Barry says that Jesus seemed to be about six feet in height, and that his hair extended six inches below his shoulders. Barry says that the overall impression of his face was like Sallman’s Head of Christ, but Barry could not see any features in detail. Barry could see the hair draped around the face, but it was as if Jesus’s face were hollow. Barry does not know how he made the identification of the radiant figure as Jesus, but it came to him immediately and without any question or doubt. The experience convinced him that he was loved, but he thinks the incident may have had another purpose. He has often shared his experience with other people, and influenced them to think about God and the spiritual life generally.

Barry went to a college to study science for three years after completing that year in Bible college, and he pursued further studies in accounting after that. When I met him he was working for a trucking firm in Abbotsford, British Columbia, and has since become a stock market trader.

Case 27: John Occhipinti

John Occhipinti was brought up in a very devout home in Connecticut and New Jersey. His mother went to the Catholic church every day to pray, and also attended the services of the Assemblies of God. John was a special child because of an incident that took place when he was two years of age. He fell into the river just behind their home, and was not recovered for more than half an hour. John was rushed to a hospital, where doctors worked for hours to save his life. His mother was convinced that there was a special reason for his having survived. John became serious about his faith when he was about eighteen years old. The next year he went to Bible college in Texas to prepare for pastoral work, and this was where, in 1958, his experience took place.

John shared a room with Nathan, but could not understand what Nathan was doing in Bible college, for he already seemed to know most of what they had come there to learn. During November of that year Nathan came down with a virus and stayed in bed to recover. Nathan was not particularly perturbed about being sick, but said that he was in bed for a reason. Although this was not a serious illness, John felt sympathy for him, and brought him food from the cafeteria when he could, and prayed with him before retiring for the night. As he was praying for Nathan one night he opened his eyes to look at his friend lying about eight feet away. John was shocked to see someone standing over Nathan’s bed, but facing and looking at him. John immediately identified the person as Jesus, in part because of the sense of awe that the appearance of the person evoked.
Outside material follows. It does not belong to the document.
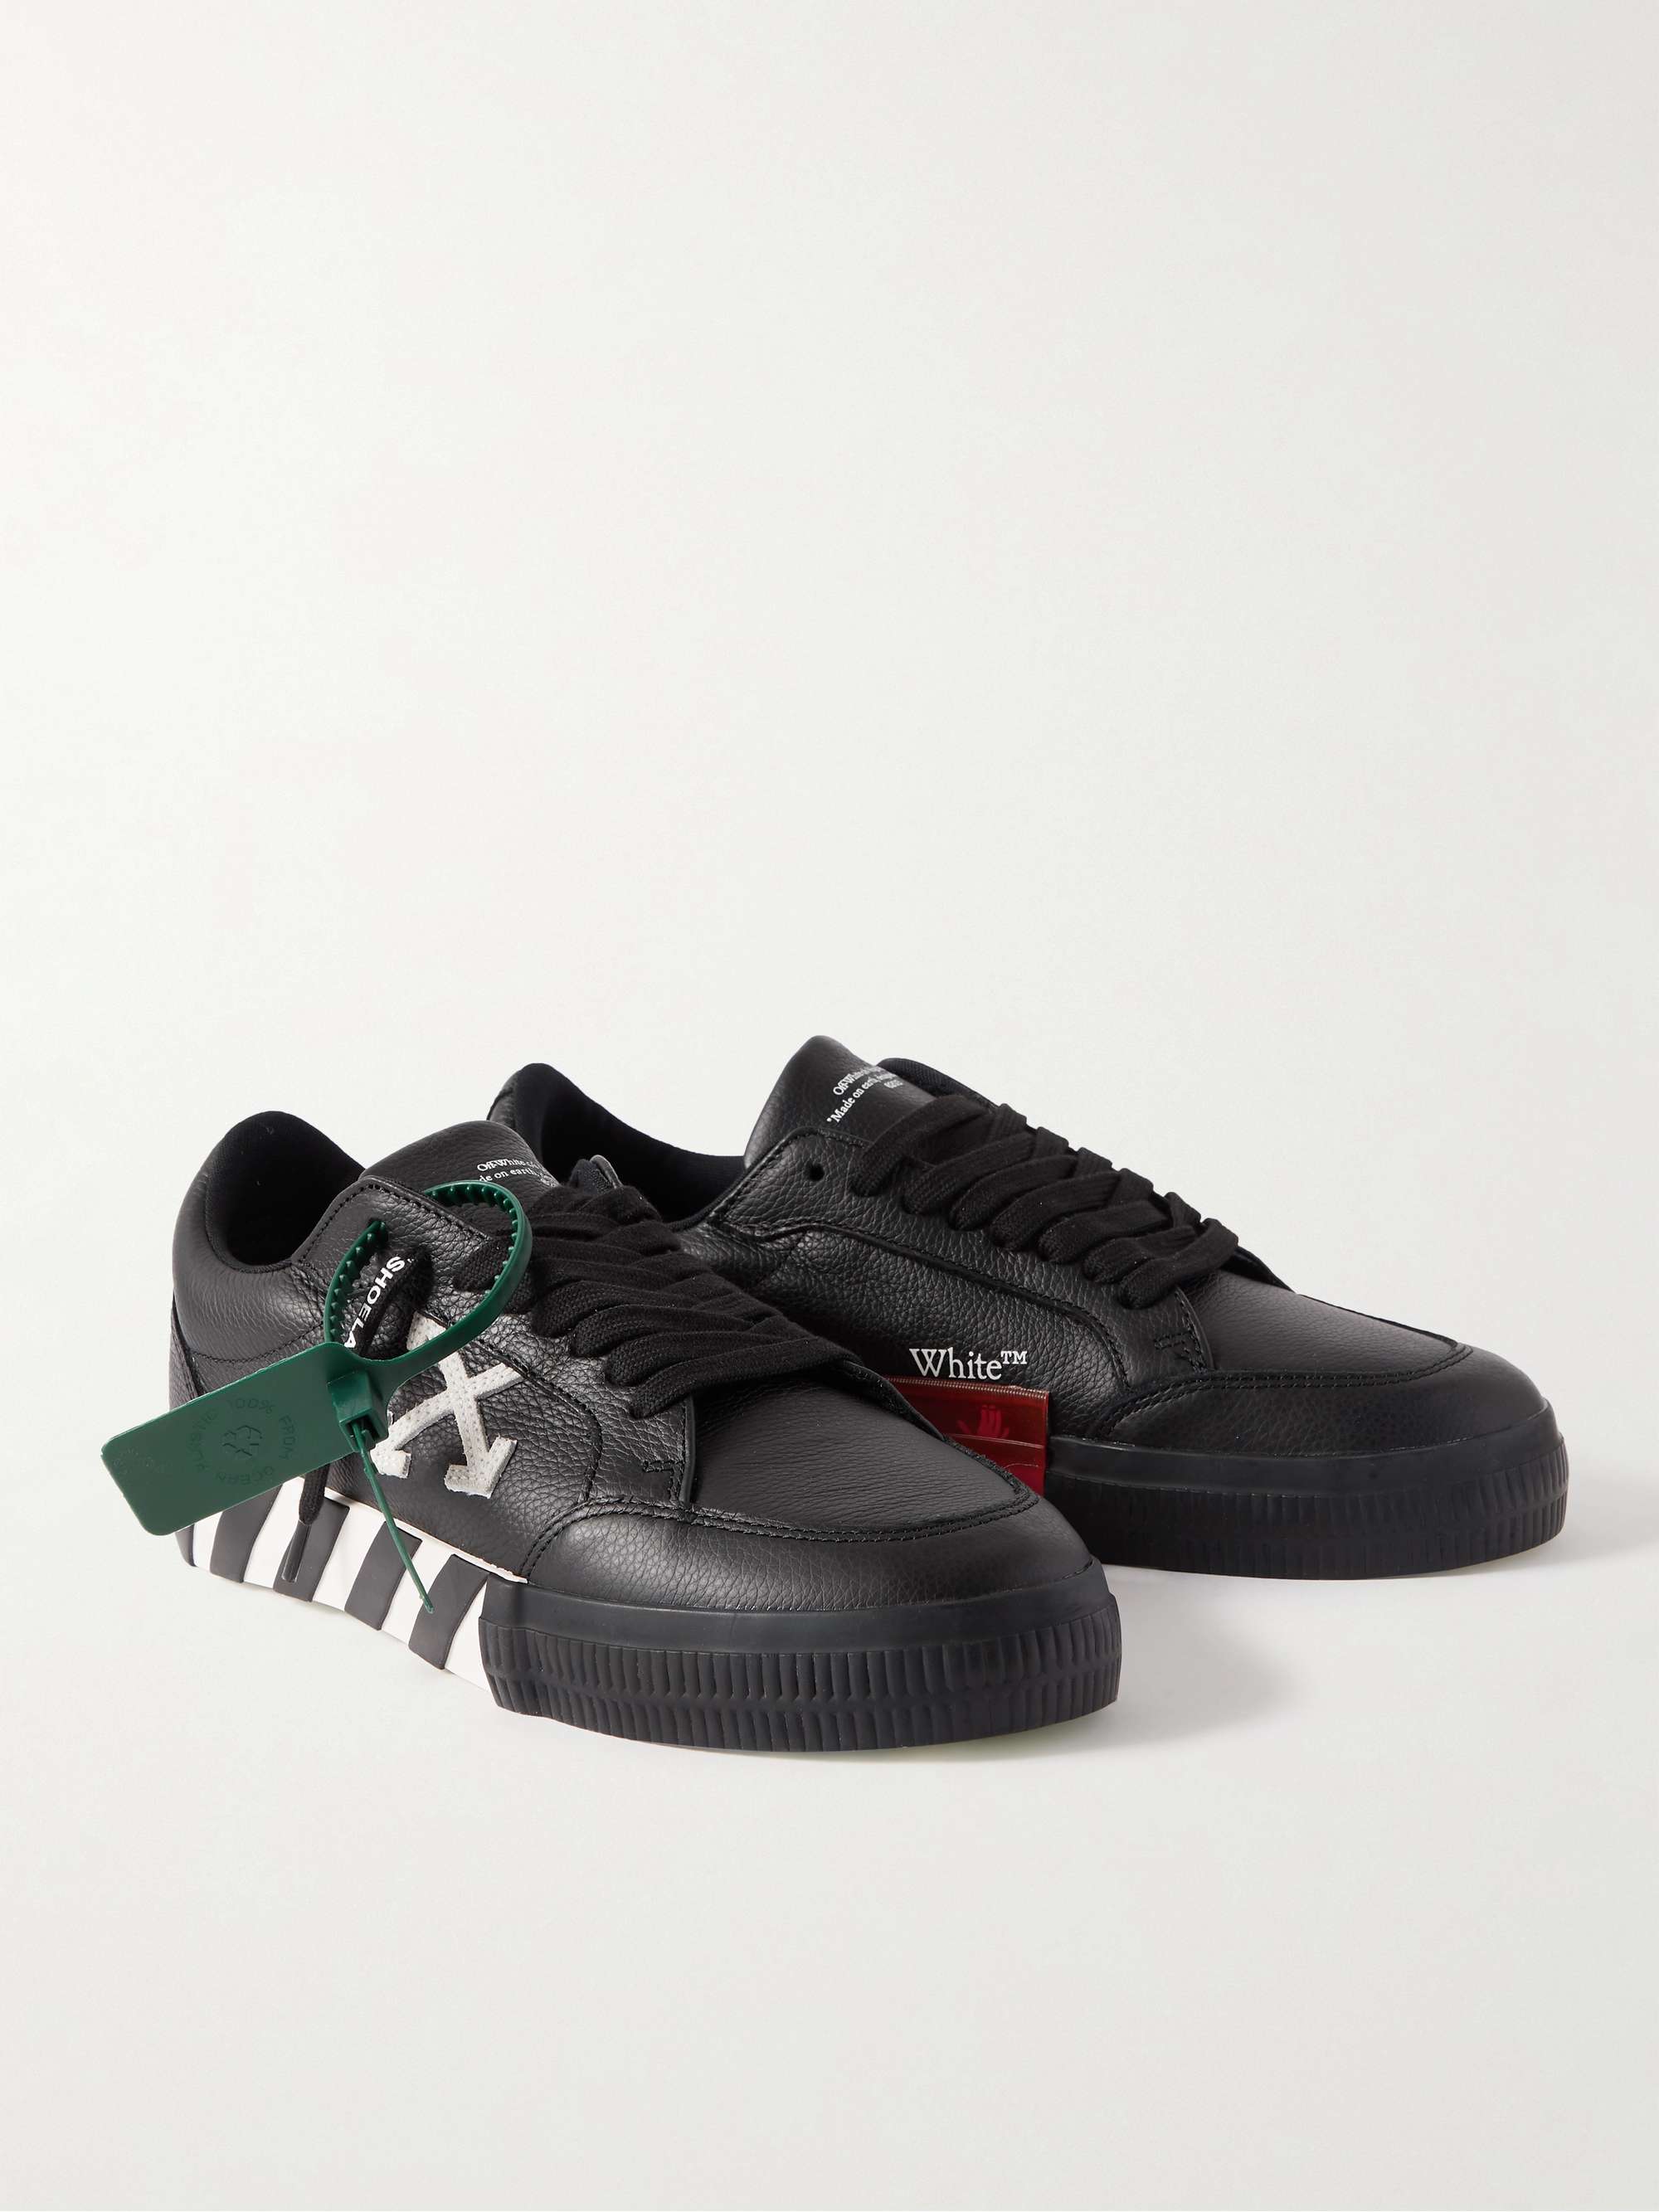 OFF-WHITE Full-Grain Leather Sneakers

John was about to tell his sick friend what he was seeing when Jesus reached over and placed his hand on Nathan’s forehead and disappeared. At that instant Nathan leaped out of bed and ran down the halls of the dormitory shouting, “I’ve been healed, I’ve been healed.” Nathan later said that although he did not see anyone, he felt something touch his head. John himself intended to go over to touch Jesus in order to establish his reality for himself, but did not get a chance to do so. He muses now on his boldness, but he was only nineteen at the time, and rather new in his faith.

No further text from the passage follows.